Predictably Irrational: A Book Review

May 29th, 2012   •   no comments   

Debunking conventional wisdom that human beings are rational and logical beings, Predictably Irrational by behavioural economist Dan Ariely provides an entertaining and enlightening read in the market-tested tradition of authors like Steven Levitt and Stephen Dubner (Freakonomics series), Malcolm Gladwell, and Ori and Ron Brafman (Sway). Using the results of empirical research conducted at MIT and other university campuses, Ariely explains why we do the things we do despite their contrary effects on our health, wealth and long-term success.

Written in a light-hearted, jargon-free prose, Predictably Irrational takes us through several themes. They include the fallacy of supply and demand (ie why pricing can be so arbitrary in certain markets), the overwhelming power of FREE, the danger of turning social norms into market norms (or why you shouldn’t pay your mother-in-law for cooking a delicious family dinner), the effects of expectations (what you visualise is what you get), and two chapters on honesty and dishonesty in humans, among others.

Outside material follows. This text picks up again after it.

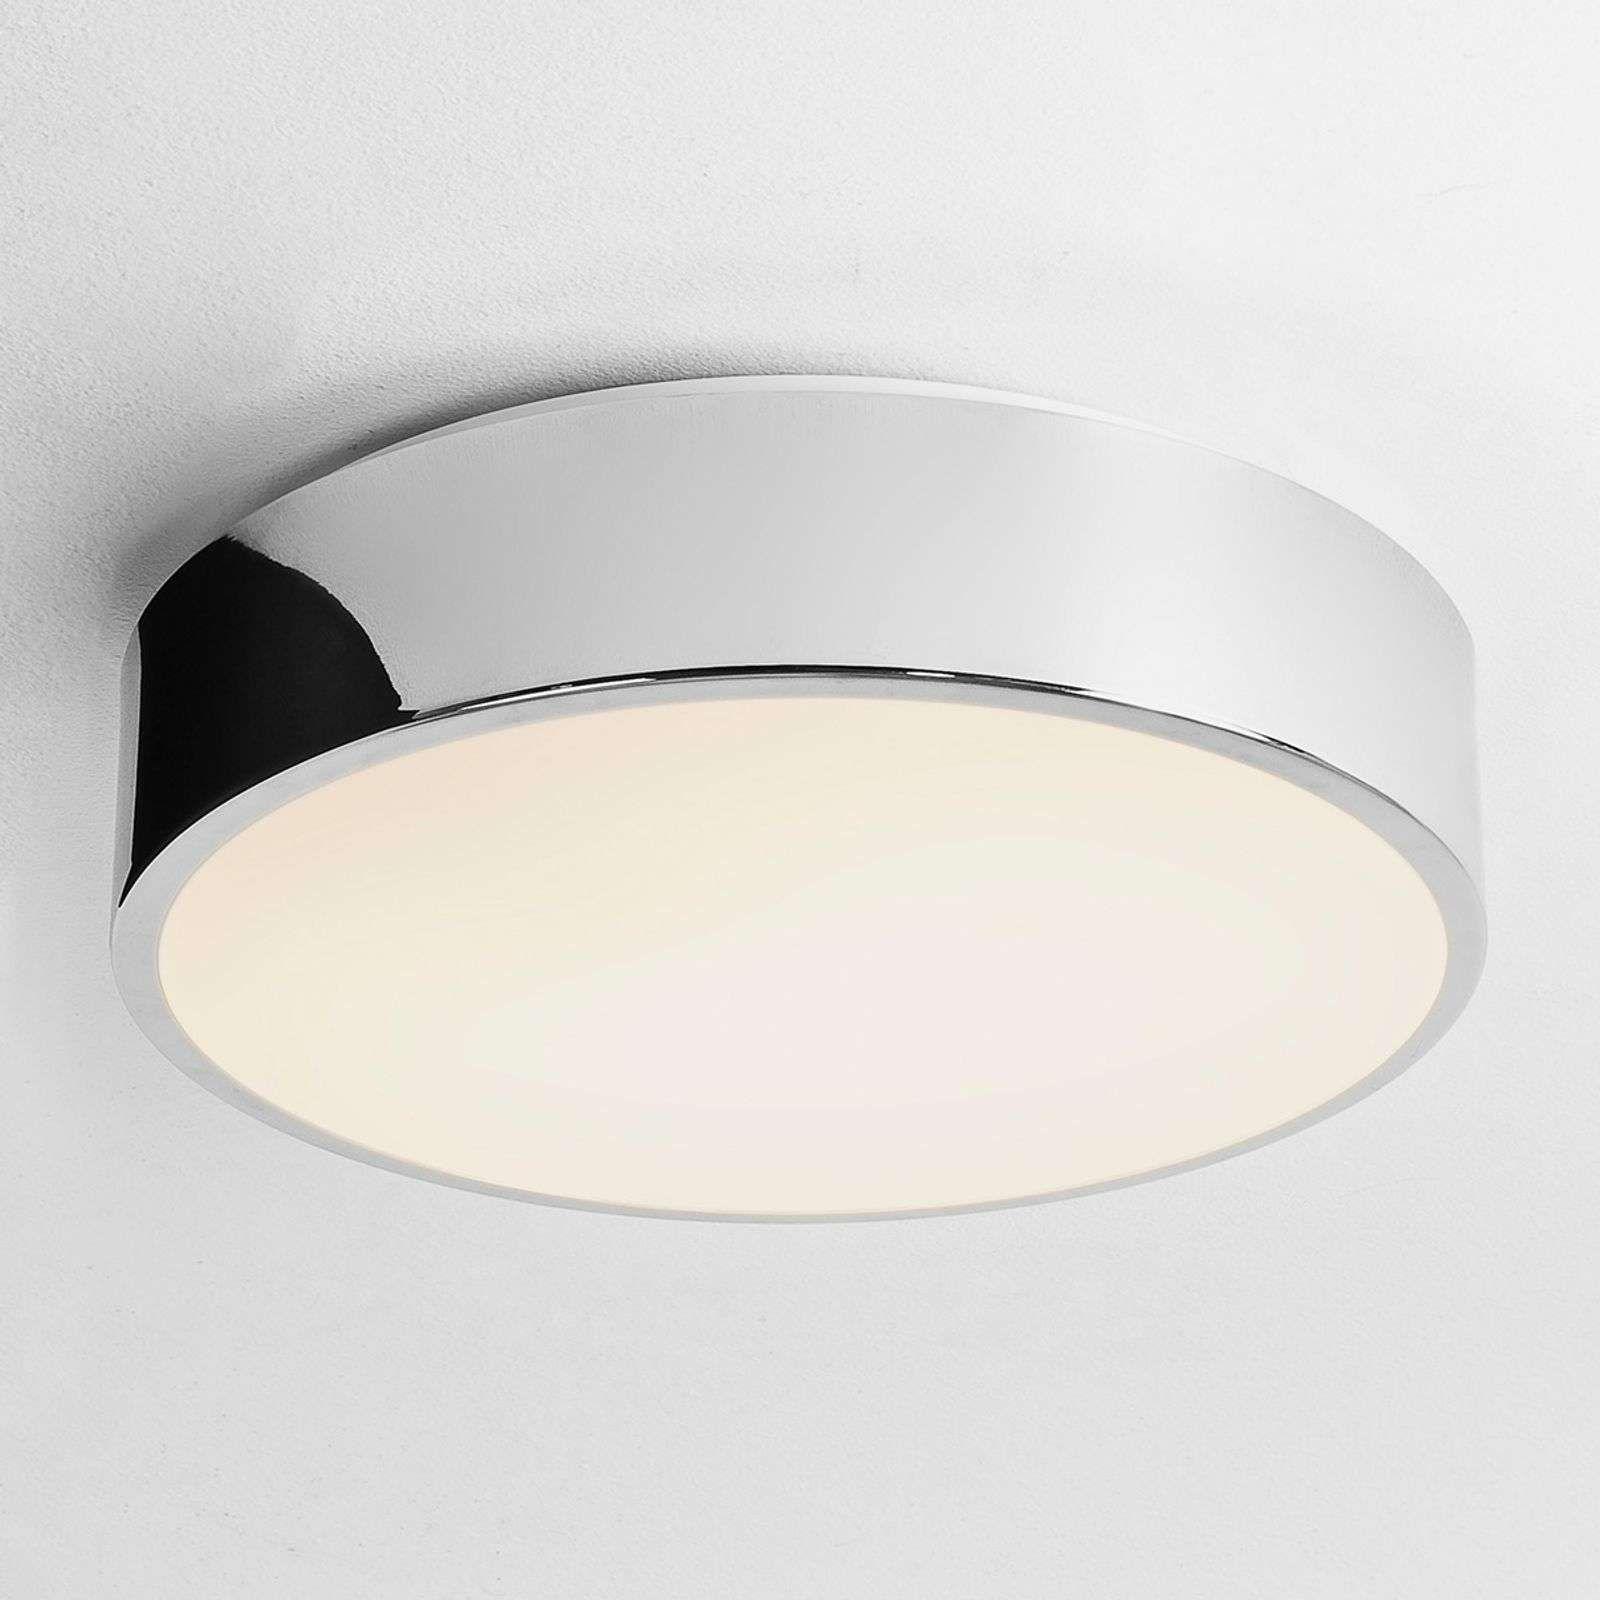 Indirekte Deckenbeleuchtung Badezimmer Esszimmer Lampe Led Modern Led Deckenleuchte Fla Deckenbeleuchtung Led Deckenleuchte Flach Indirekte Beleuchtung Led

In a chapter on the effects of relativity, Ariely highlights that we tend to look at our decisions in a relative way and compare them locally to the next available alternative. This is why we will not hesitate to add $200 to upgrade a $5,000 catering bill while clipping coupons to save 25 cents on a one-dollar can of condensed soup. Similarly, consumer marketers know that the middle priced option with moderate features may tend to sell better than the expensive high-end or cheap no-frills versions.

Taking a risque step forward to study the effects of sexual arousal on college age males, Ariely and his compatriots revealed in a separate chapter that our irrational selves (termed the “id” by Sigmund Freud) tends to take over our rational selves (the “superego”) when we’re angry, hungry, frustrated or aroused. To escape this Jekyll and Hyde (or Incredible Hulk) like influences on our behaviours, we are advised to prepare for them in our cold rational state rather than hope we can act rationally when stimulated.

Two other chapters in the book are worth noting. Both deal with the phenomenon of price and ownership.

The first on the high price of ownership explains the chasm between sellers and buyers. In a fascinating experiment involving college basketball game tickets, we learn that those who managed to “win” them after an exhausting few days of queuing were only willing to sell them for about US$2,400 each, while those “lost” that opportunity were only willing to pay US$175 for them.

This strange effect of price is further tackled in a second chapter on the power of price, which describes why a $4,000 couch will feel more comfortable than a $400 couch, or that more highly priced “placebo” drugs actually lead to faster recovery for patients. The overwhelming effect of the mind over body has led to thousands being cured throughout history as they were given the “royal touch” by the Holy Roman emperor from AD 800 all the way to kings in the 1820s!

Ending his book on a delightful note with “beer and free lunches”, Ariely proposes that businesses, governments and social institutions could design products and services that help people to make better decisions. For example, companies could include a “save more tomorrow” programme to encourage their employees to contribute their future salary raises to a savings plan. His idea of a “free lunch” seeks to provide benefits to all parties involved through mechanisms that compel people to be more vigilant and to use technology to overcome their shortcomings.